» Task description
Apart from the pictures, return every line of the listing exactly.

Segment Start: Source data

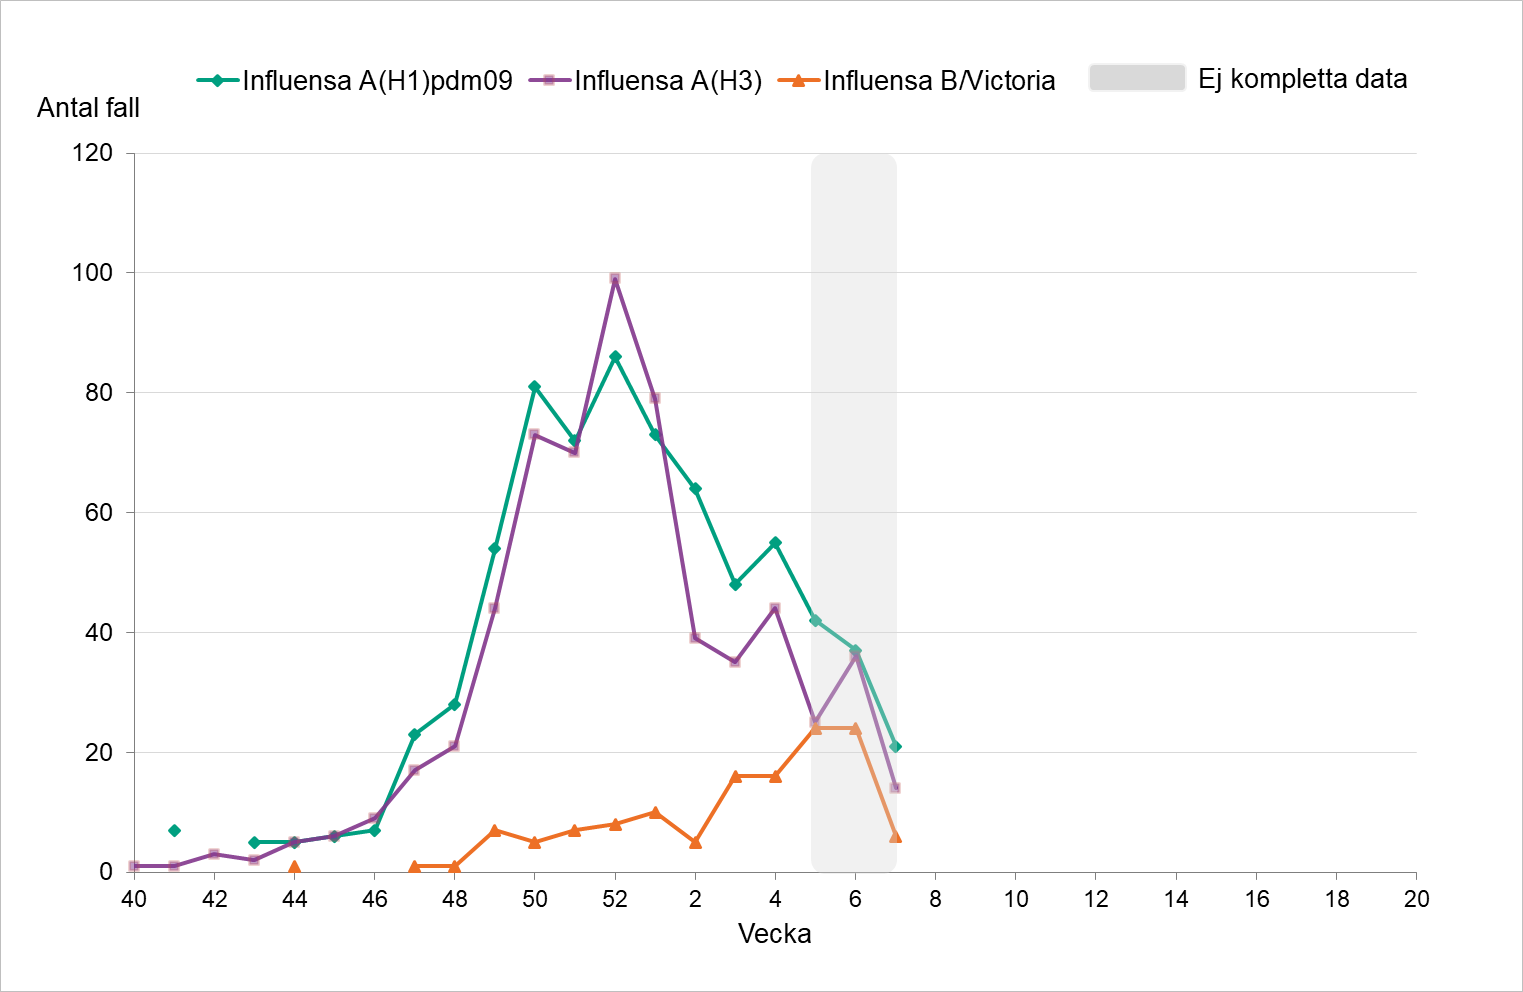 Fördelningen har varit relativt jämn vecka för vecka mellan A H1 och A H3. Under de senaste veckorna ses fler fall av B/Victoria. 
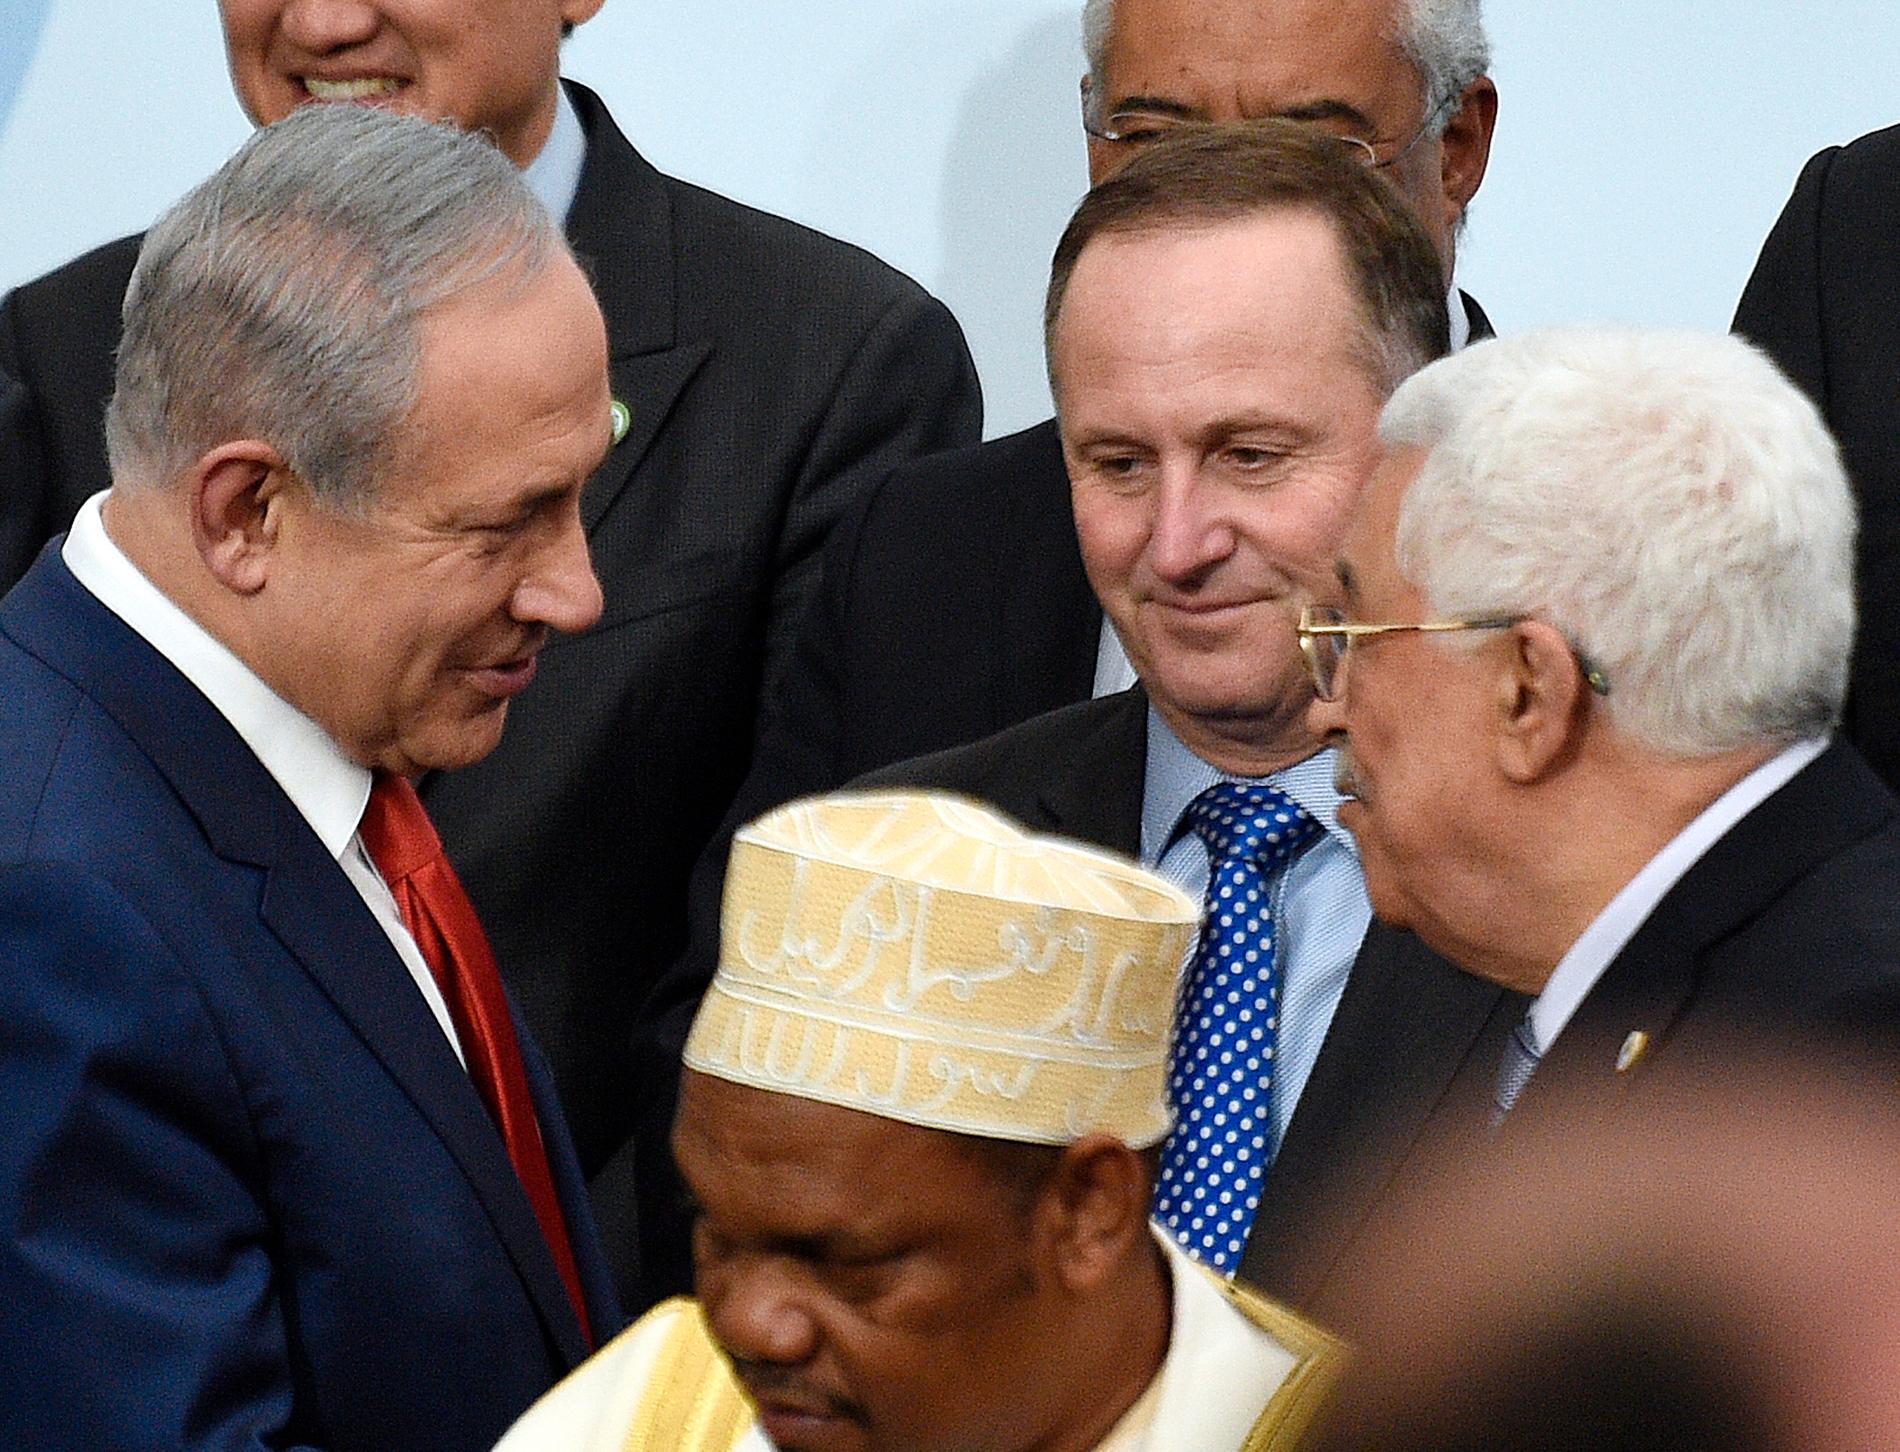 Läget är låst mellan Israels premiärminister Benjamin Netanyahu (till vänster) och palestiniernas president Mahmud Abbas (höger). Här möttes de dock i samband med klimattoppmötet i Paris 2015.
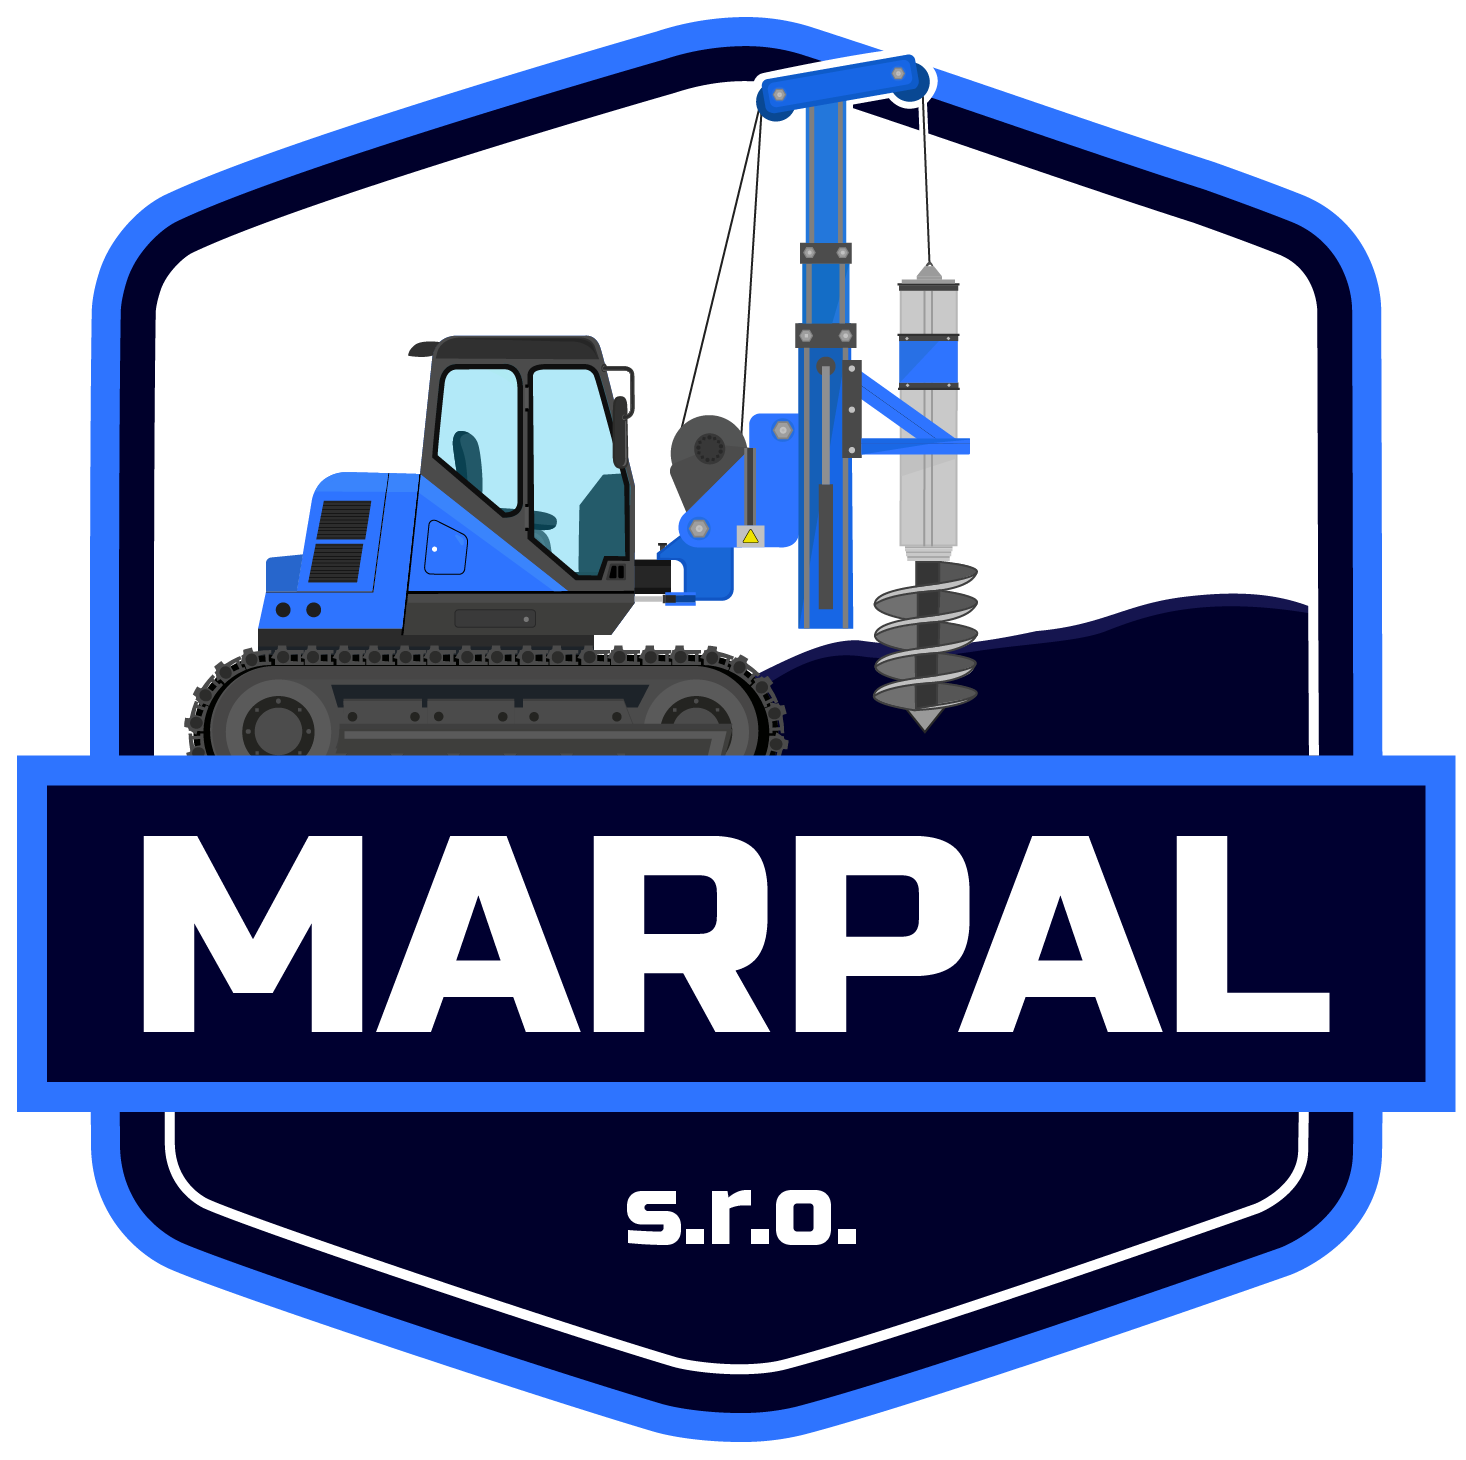 Marpal logo

Segment End: Source data

» Reply
 Fördelningen har varit relativt jämn vecka för vecka mellan A H1 och A H3. Under de senaste veckorna ses fler fall av B/Victoria. 
 Läget är låst mellan Israels premiärminister Benjamin Netanyahu (till vänster) och palestiniernas president Mahmud Abbas (höger). Här möttes de dock i samband med klimattoppmötet i Paris 2015.
 Marpal logo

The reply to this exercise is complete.